Suzanne Barr is a respected Toronto chef with a flair for Afro Caribbean, soulful comfort food. Her culinary repertoire includes owner of Saturday Dinette; inaugural chef-in residence at the Gladstone Hotel; resident judge on Food Network Canada’s series ‘Wall of Chefs;’ and partner and executive chef at True True Diner, which permanently closed during the COVID-19 pandemic.
By Ivy Knight | JOURNALIST
Suzanne Barr and I were both in The Heat, a Netflix documentary that delves into sexism in restaurants and profiles women who are succeeding in spite of the chef-bro culture that works to uphold the patriarchy every single day.
The work I’ve watched her do boggles the mind. To give you an idea — the job of a chef/owner is already two full-time gigs in one. To also be an advocate, mentor and human rights activist on top of that, while putting together new menus that change with the seasons and keep customers happy, is literally impossible.

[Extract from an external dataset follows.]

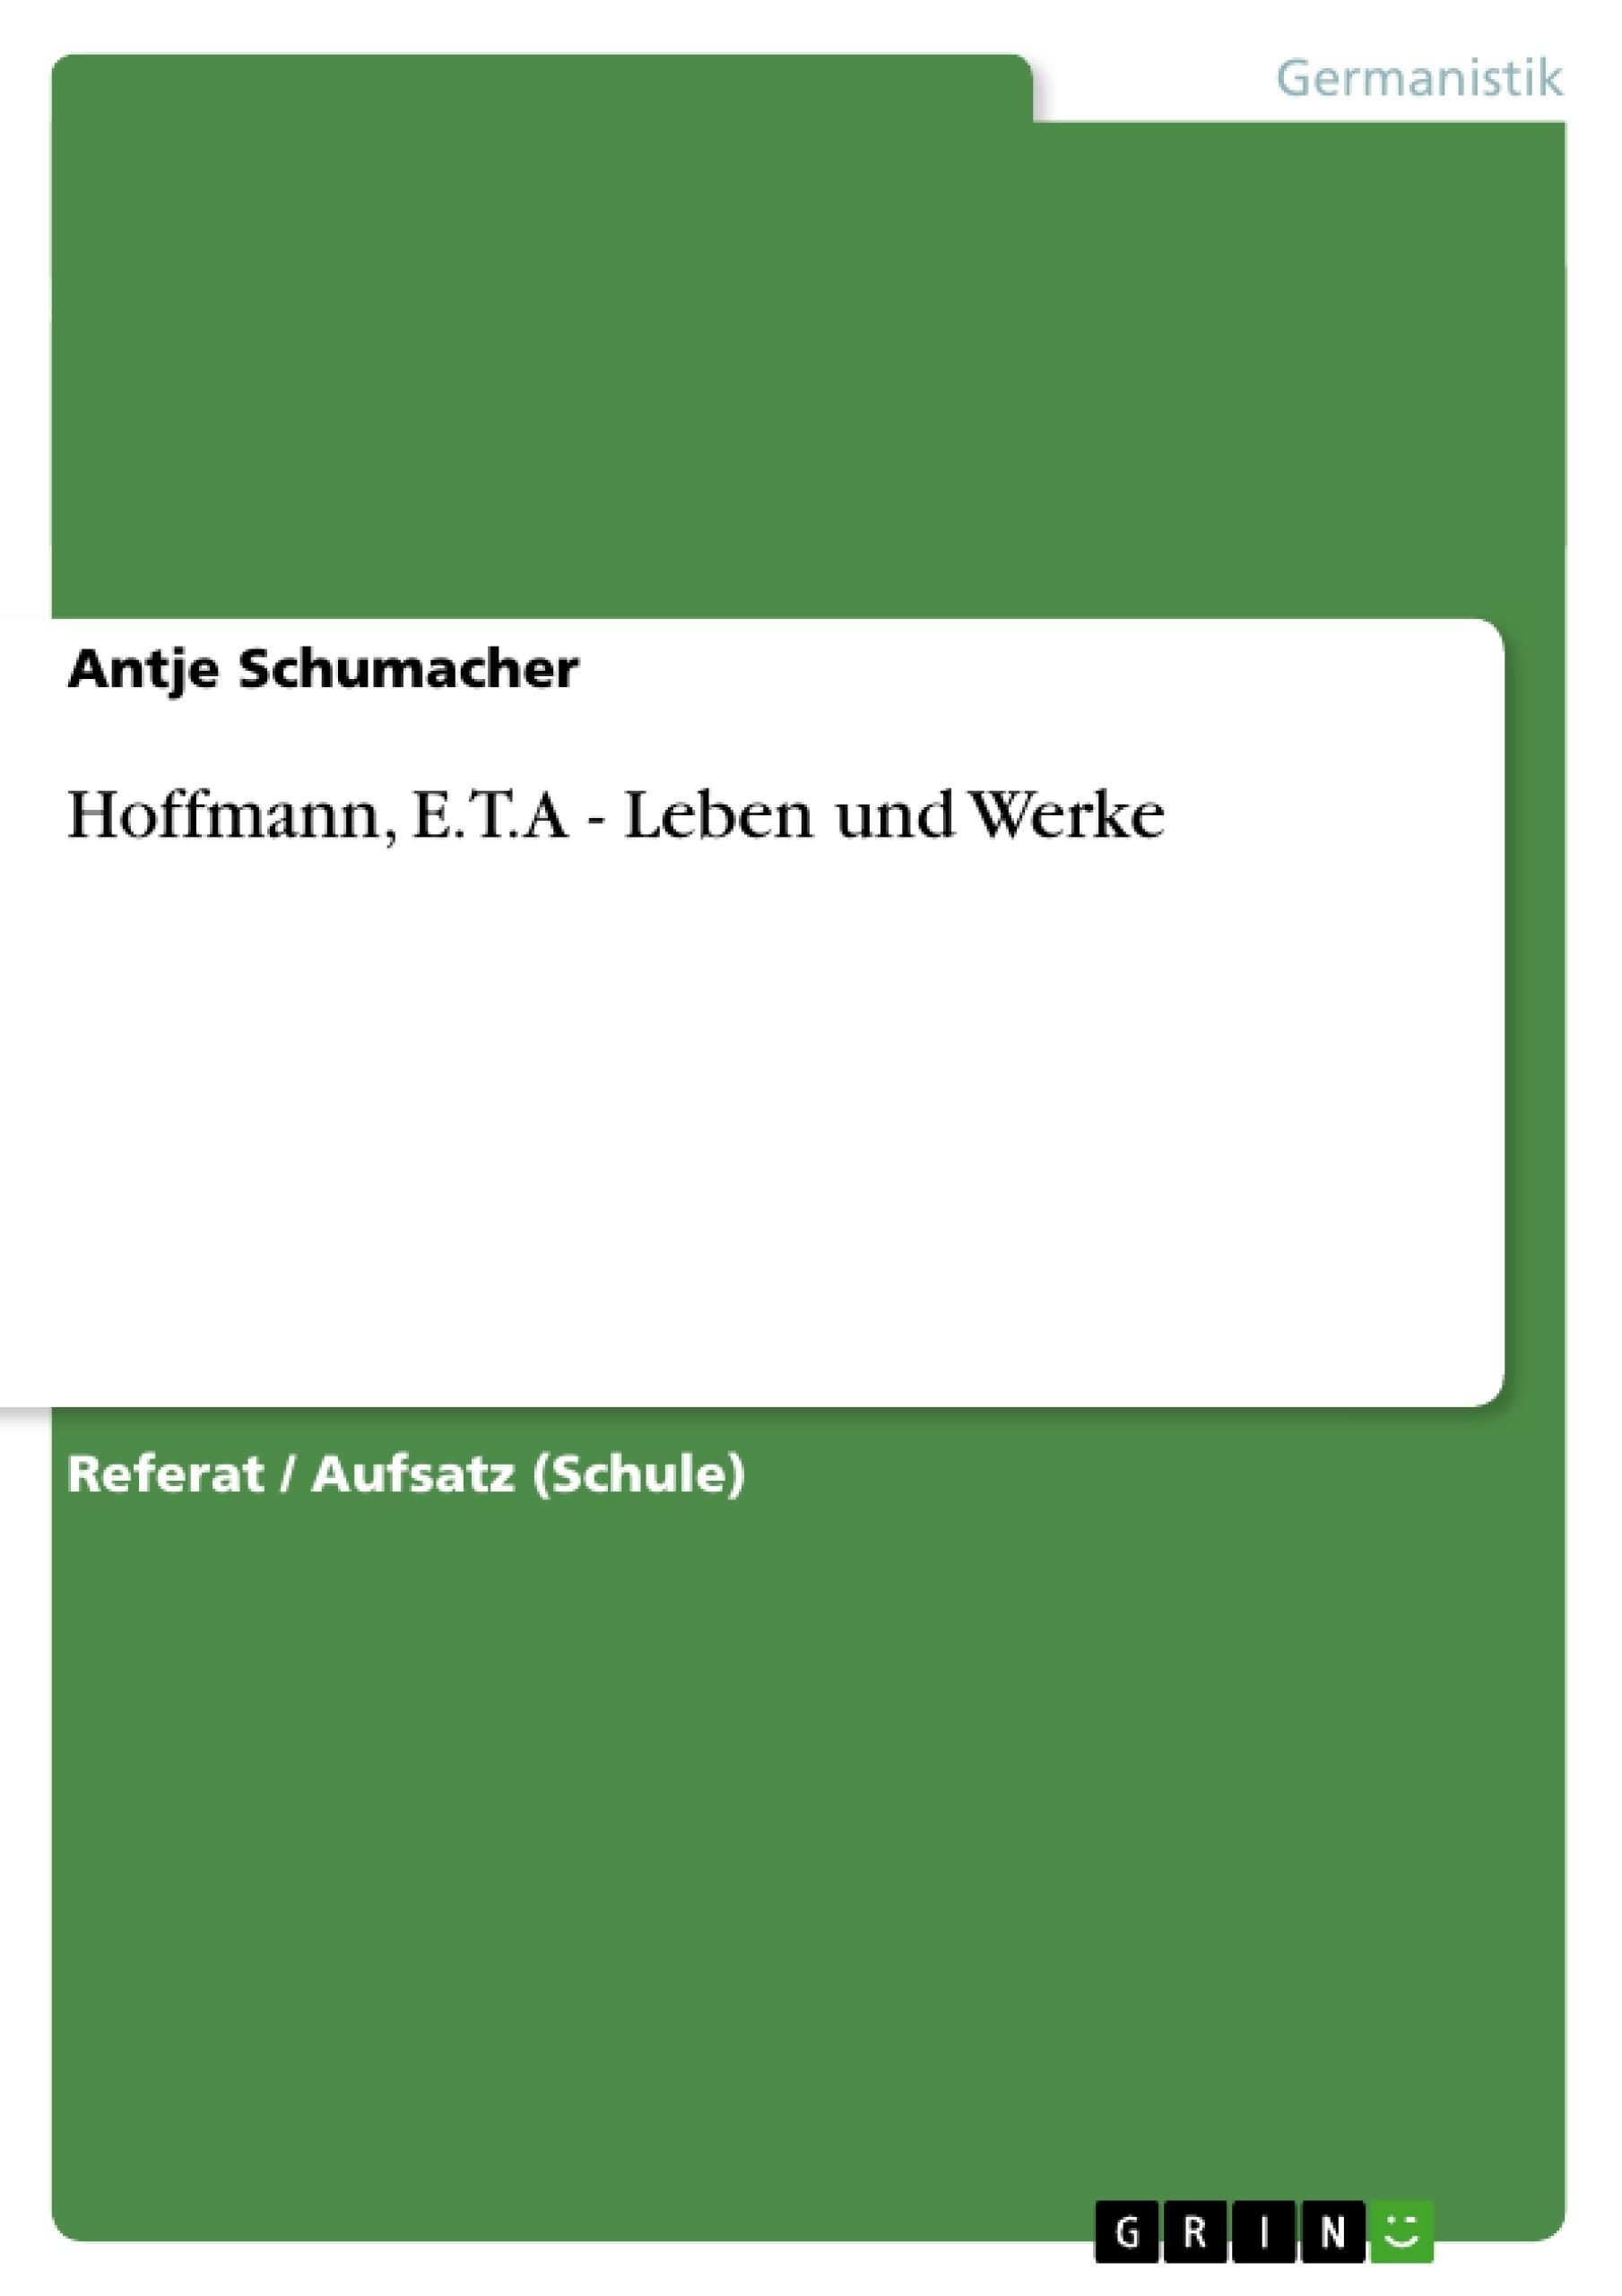 Titel: Hoffmann, E.T.A - Leben und Werke

When the pandemic hit and she lost her brand new restaurant — an homage to the original diner sit-ins staged across the South that launched the civil rights movement — she had no idea what a blessing that would be or that a new civil rights movement was about to galvanize the world, and her story of loss by her white business partners leaving her high and dry would prove to be inspiration for a whole new chapter.

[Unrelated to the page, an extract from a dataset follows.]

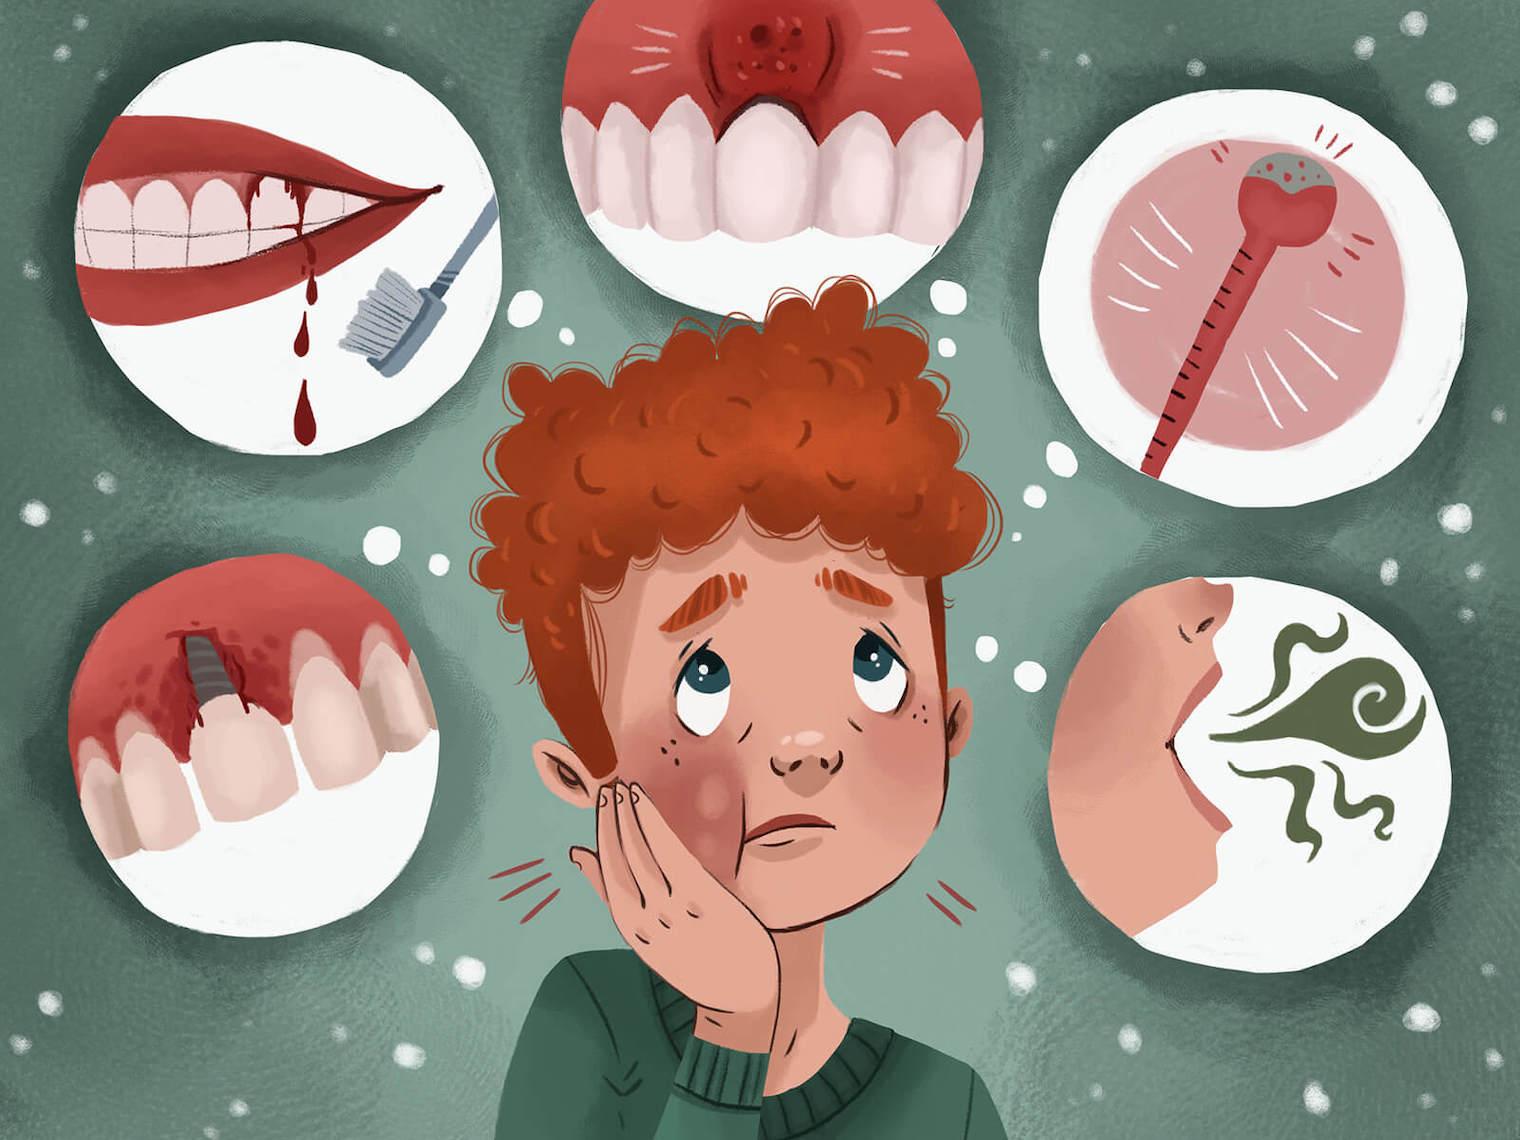 隨著更多牙菌斑累積,漸漸形成厚實的牙結石,將牙齦與牙齒中間距離撐開,形成容易藏污納垢的空間—牙周囊袋。若不好好處理,就會加速牙周病的病情發展。

Suzanne has grown up to be this country’s most recognized Black chef. A star on Wall of Chefs and the author of the soon to be published Homecoming, we need her message right now, far more than her menus.
She believes in a brave new world: where cooks and servers are valued and paid a living wage, where everyone is treated with respect and where issues of harassment, racism and mental health are talked about openly. Free of the kitchen, she’s able to tell it like it is, and her former customers turned fans are here for it.